APDahlen Applications Engineer
Arduino Modulino Buttonsモジュールとは何ですか?
Arduino Modulino Buttonsモジュールは、Arduinoの最新のPlug and Make Kitの不可欠なコンポーネントです。 図1に示すように、3つの押ボタンと3つのソフトウェア制御LEDで構成される標準的なユーザーインターフェースを提供しています。
Modulinoのエコシステムは、ハードウェアとソフトウェアの両面から一貫したユーザー体験を提供することで知られています。これは、各Modulinoに搭載された32ビットSTMicroelectronics ARMマイクロコントローラによって実現されています。このマイクロコントローラは、Arduino UNO R4 WiFiのいくつかの機能をModulinoにオフロードします。

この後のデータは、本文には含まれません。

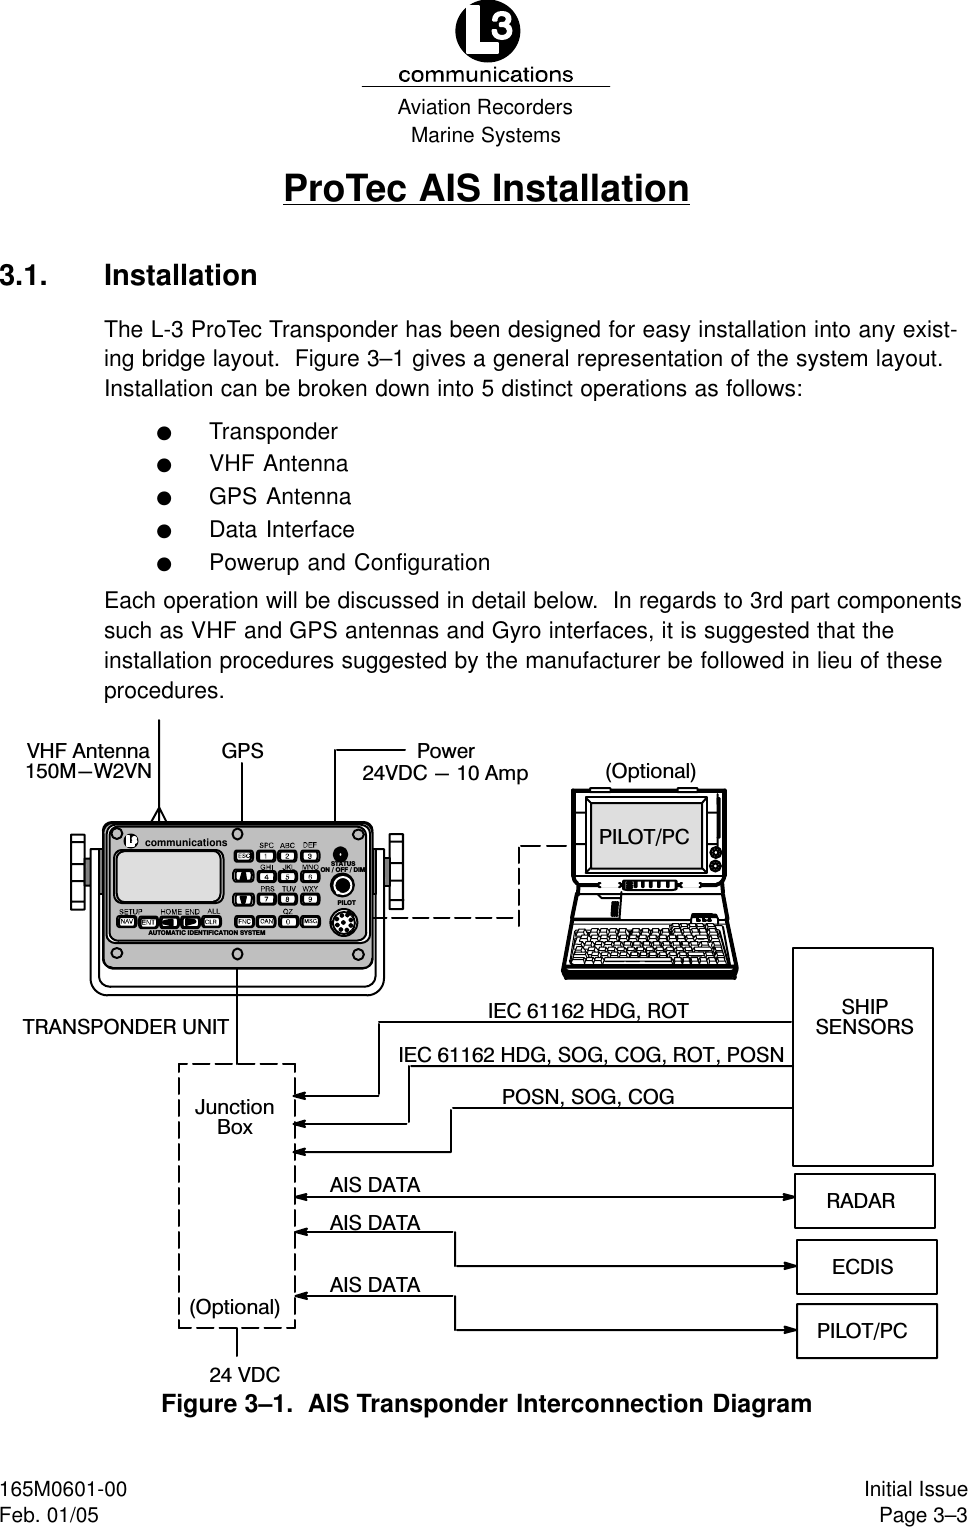 Marine SystemsAviation RecordersPage 3–3Initial Issue165M0601-00Feb. 01/05ProTec AIS Installation3.1. InstallationThe L-3 ProTec Transponder has been designed for easy installation into any exist-ing bridge layout.  Figure 3–1 gives a general representation of the system layout.Installation can be broken down into 5 distinct operations as follows:FTransponderFVHF AntennaFGPS AntennaFData InterfaceFPowerup and ConfigurationEach operation will be discussed in detail below.  In regards to 3rd part componentssuch as VHF and GPS antennas and Gyro interfaces, it is suggested that the installation procedures suggested by the manufacturer be followed in lieu of these procedures.JunctionBoxIEC 61162 HDG, ROTTRANSPONDER UNITIEC 61162 HDG, SOG, COG, ROT, POSNPOSN, SOG, COGSHIPSENSORS(Optional)RADARECDISPILOT/PCAIS DATAAIS DATAAIS DATAVHF Antenna150M-W2VNGPS24VDC - 10 AmpPowerPILOT/PC24 VDC(Optional)communicationsPILOTAUTOMATIC IDENTIFICATION SYSTEMSTATUSON / OFF / DIMFigure 3–1.  AIS Transponder Interconnection Diagram

これにより、ArduinoのプログラマーはQwiicネットワーク上で標準化された通信プロトコルを実装することができます。
図1: 3つの押ボタンと3つの独立制御LEDを搭載したArduino Modulinoボードの画像。左下に32ビットSTM ARMマイクロコントローラが見えます。このModulinoは、Plug and Make Kitのベースにボルトで固定されています。
技術的なヒント: Qwiicは、マイクロコントローラ関連のプロトタイピング用ブレークアウトボードを簡単に接続するための、競合する複数のフォーマットの1つです。また、(条件付きで相互に互換性のある)Stemma QTや、MikroElektronika Clickモジュールにも遭遇するかもしれません。いずれも開発者がブレッドボードなしで接続できるように設計されており、特にピッチの狭い面実装デバイスに有益です。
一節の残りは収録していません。